Imagine you have your web application and some workflow executors:
- http-server (serving pre-build asset files) - production
- builder (compiling/bundling js/css/html from sources) - deployment/development
- debugger/builder (building from sources on the fly, add js source maps) - development
- selenium (running tests) - integration testing
How can we construct layered images to get those workflow executors working the most effectively? By effectively I mean "fastest to run and least to write".
The answer might be straightforward: just create 4 Dockerfile
s one depending on another.
You can add a volume to share build from sources part. The question is whether you want result assets to be included in the image or build it from sources each time.

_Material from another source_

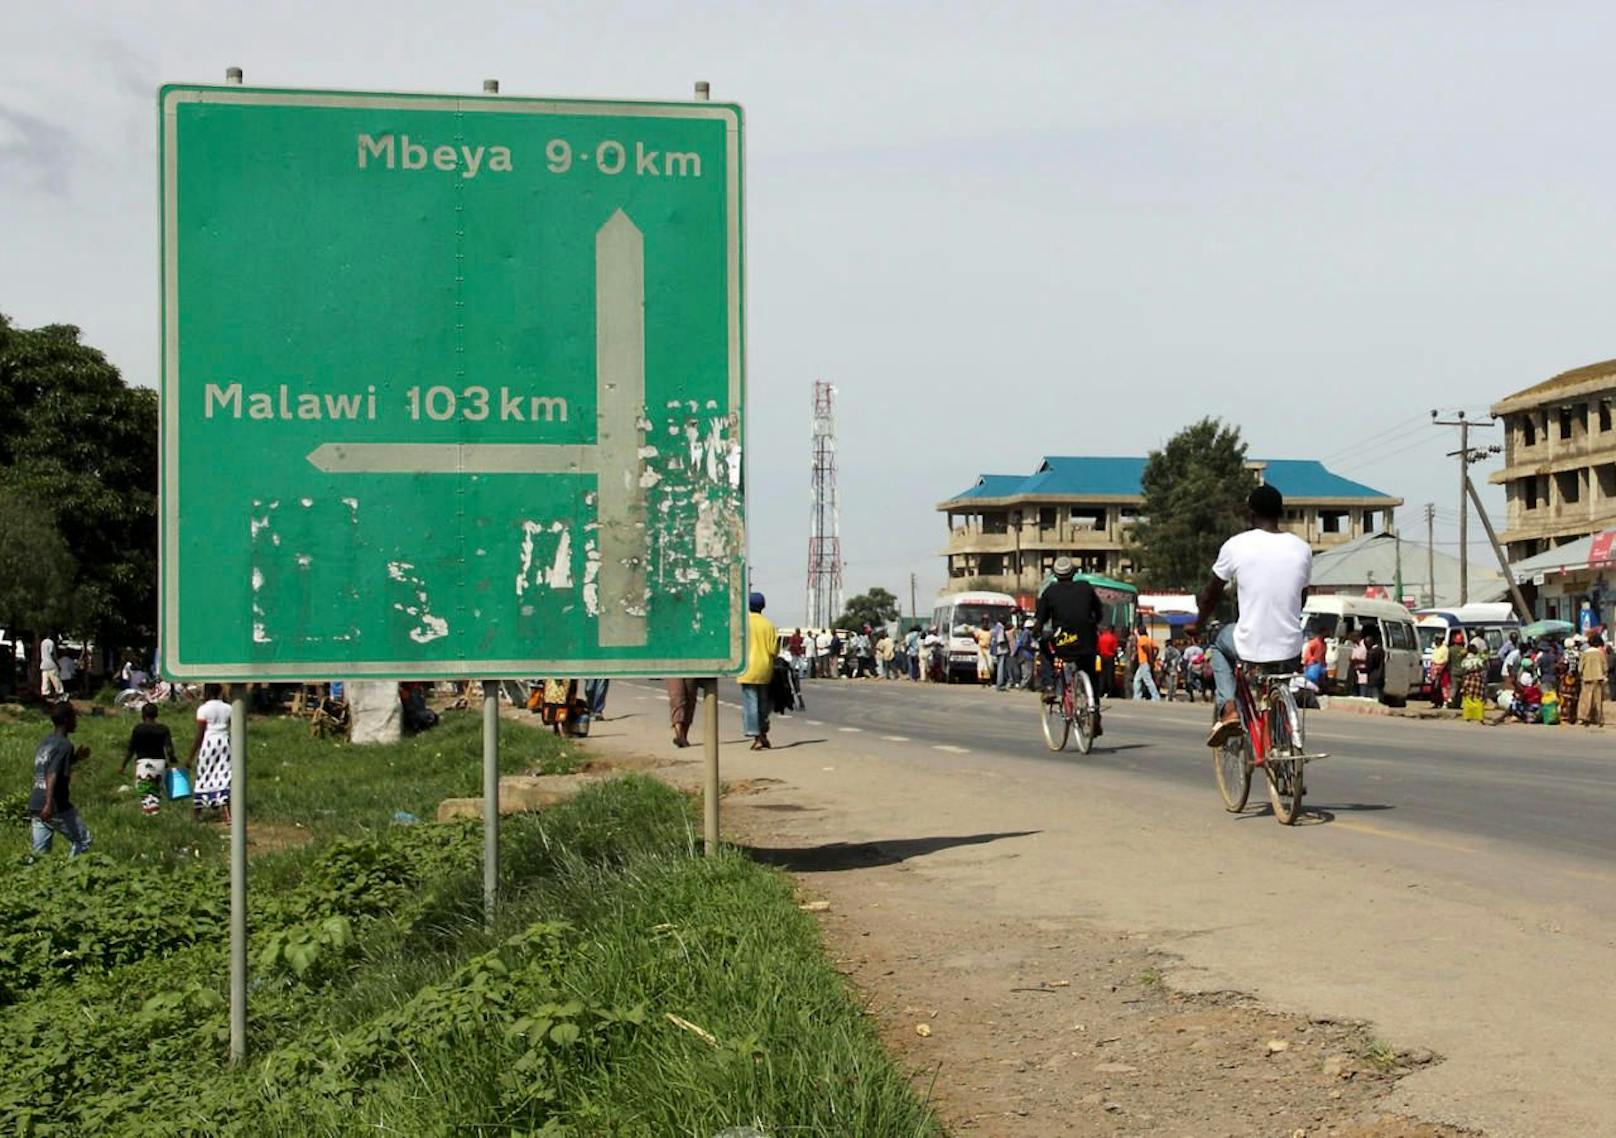 Regionalhauptstadt Mbeya ist eine der zehn größten Städte Tansanias.

Create 4 folders to have Dockerfile
in each.
Production
production/Dockefile
:
FROM # put server here
COPY # put config here
# some other option
# volume sharing?
Build
build/Dockerfile
:
# install dependencies
ADD # add sources here
RUN # some building script
Debug
debug/Dockefile
:
# ideally, configure production or build image
Test
test/Dockefile
:
FROM # import production
# install test dependencies
RUN # test runner
There are also several options.
1. Use .gitignore with negative pattern (or ADD?)
*
!directory-i-want-to-add
!another-directory-i-want-to-add
Plus use docker command specifying dockerfiles and context:
docker build -t my/debug-image -f docker-debug .
docker build -t my/serve-image -f docker-serve .

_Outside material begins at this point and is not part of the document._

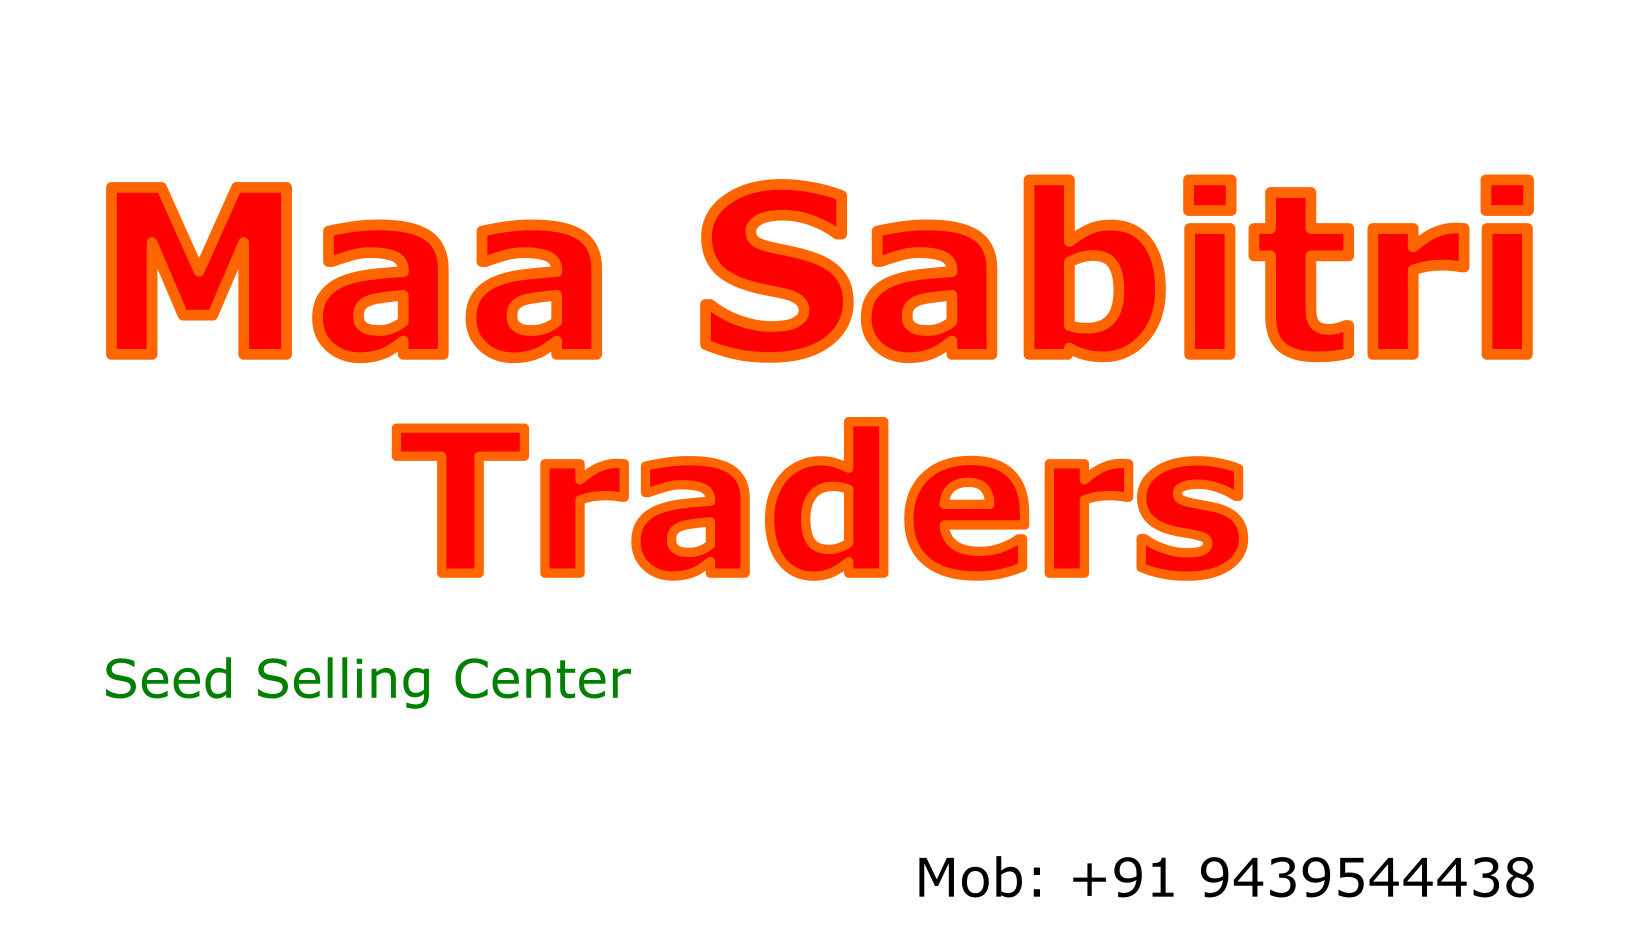 Maa Sabitri Trades

docker build -t my/build-image -f docker-build .
docker build -t my/test-image -f docker-test .
You could also use different gitignore files.
- Mount volumes
Skip sending context at all, just use mounting volumes during run time (using
-v host-dir:/docker-dir
).
So you'd have to:
docker build -t my/build-image -f docker-build . # build `build` image (devtools like gulp, grunt, bundle, npm, etc)
docker run -v output:/output my/build-image build-command # copies files to output dir
docker build -t my/serve-image -f docker-serve . # build production from output dir
docker run my/serve-image # production-like serving from included or mounted dir
docker build -t my/serve-image -f docker-debug . # build debug from output dir
docker run my/serve-image # debug-like serving (uses build-image with some watch magic)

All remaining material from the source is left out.